Description
Linear Regression
1.1 In LinearRegression\linearRegression.py, fill in the missing lines in the python code to estimate β, using (1) closed-form solution, (2) batch gradient descent, and (3) stochastic gradient descent.
Report the learned weights and MSE (Mean Square Error) in the test dataset for each version, are they the same and why?

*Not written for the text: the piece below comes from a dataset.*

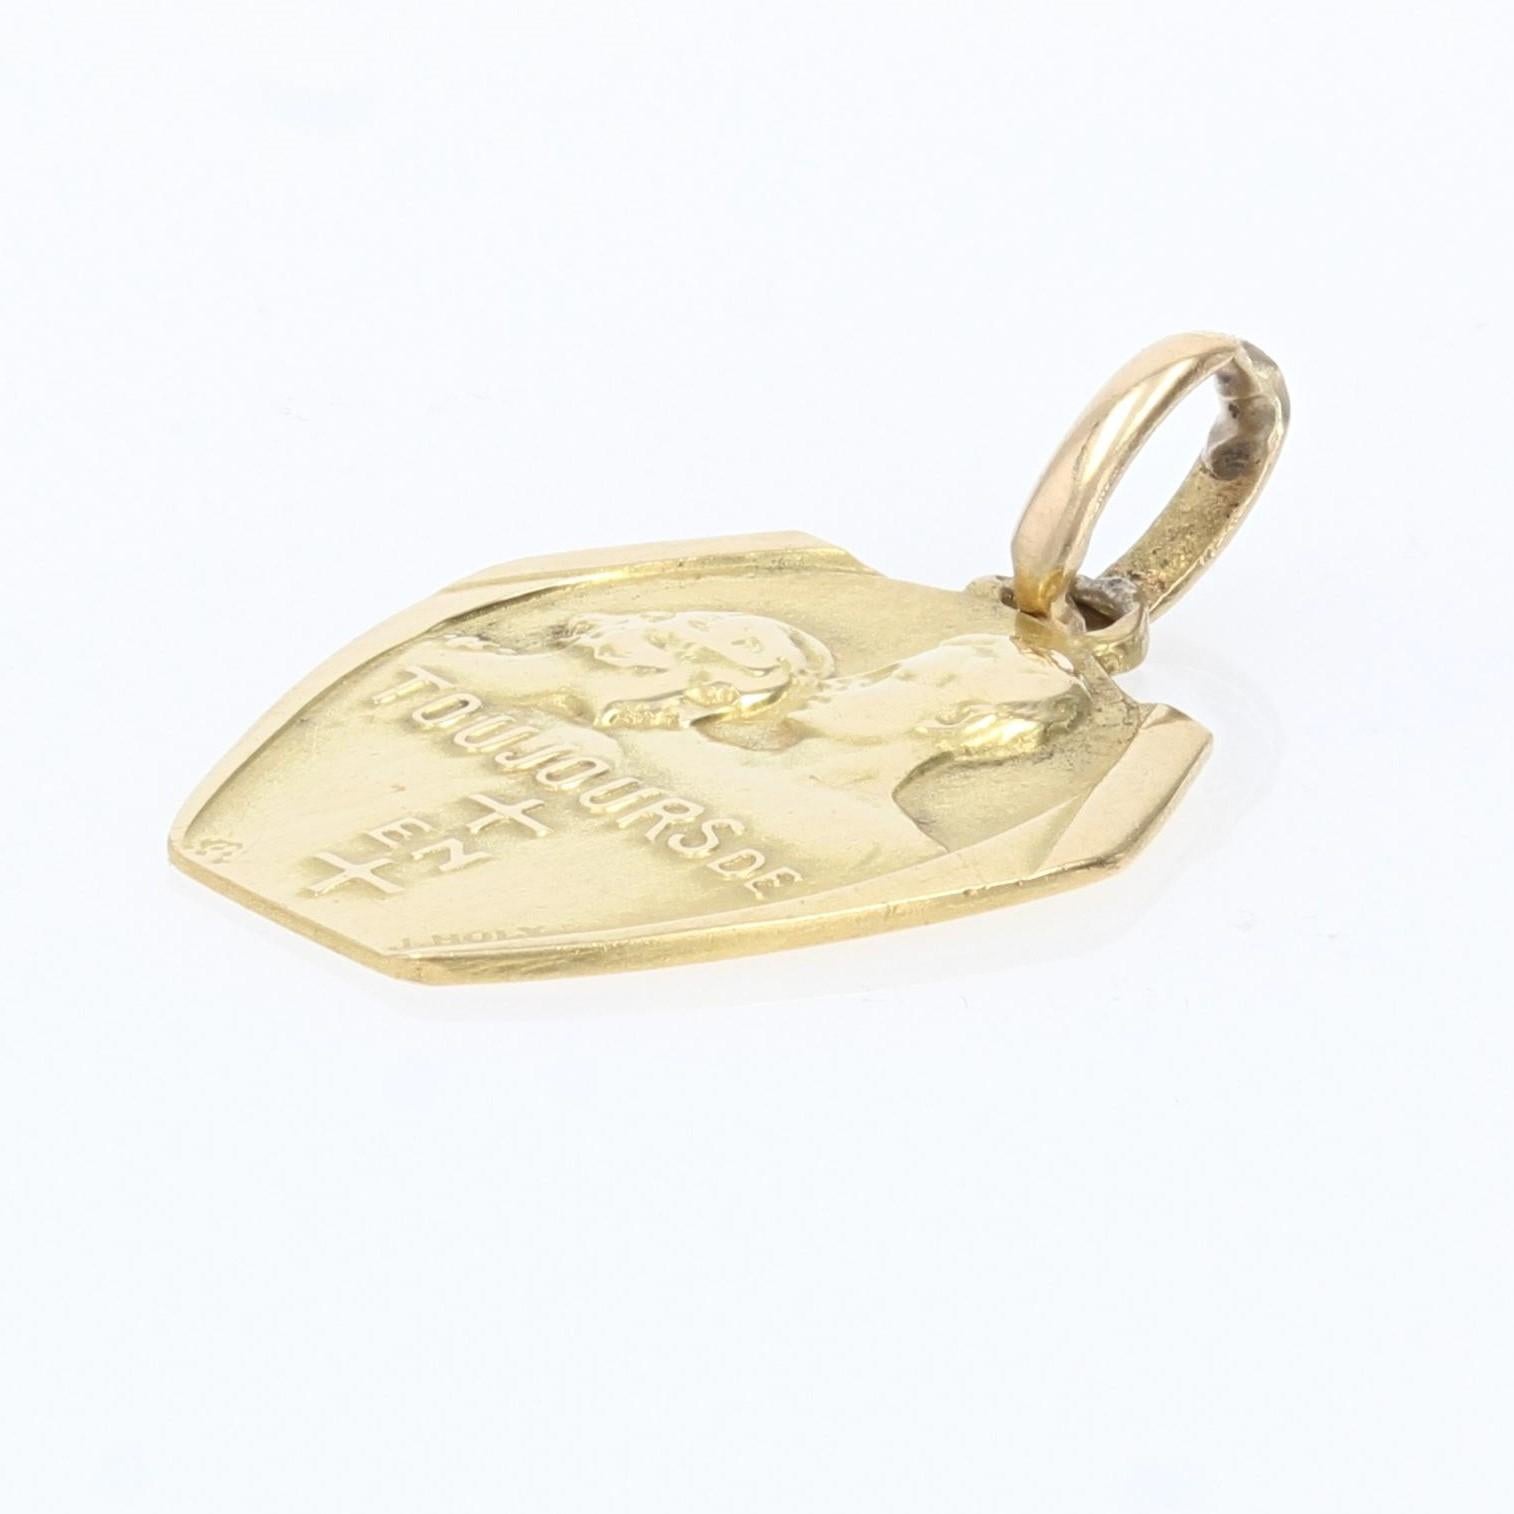 Médaille en or jaune 18 carats, poinçon tête d'aigle.
Cette médaille représente une femme épaulée par un homme et porte l'inscription

Apply z-score normalization for each feature x and report whether the normalization affect β and MSE (Mean Square Error) in the test dataset, for all three versions of the algorithm, and why?
1.2 Ridge regression is to add an l2 regularization term to the original mean square error cost function in linear regression: J(β)=1/2n ∑_i▒(x_i^T β-y_i )^2 +λ/2n ∑_j▒β_j^2 , where λ≥0 is a trade-off between the two items. Please derive the closed-form solution for β.
Logistic Regression and Model Selection
In LogisticRegression\LogisticRegression.py, fill in the missing lines in the python code to estimate β, using (1) batch gradient descent and (2) Newton Raphson method.
Report the learned weights and accuracy (Mean Square Error) in the test dataset for each version, are they the same and why? Discuss the pros and cons of the two methods.
Similar to linear regression, regularization can be added to logistic regression. Consider the new objective function as:
J(β)=-∑_i▒〖(y_i x_i^T β〗-log(1+exp{x_i^T β}))/n+λ∑_(j=0)^p▒β_j^2
where n is the total number of data points in the training dataset and p is the dimensionality of attributes. Please compute its first derivative (∂J(β))/(∂β_j ) and implement a regularized batch gradient descent algorithm accordingly. Discuss how the regularization is affecting the training loss (in terms of average log likelihood) and test accuracy based on the experimental results.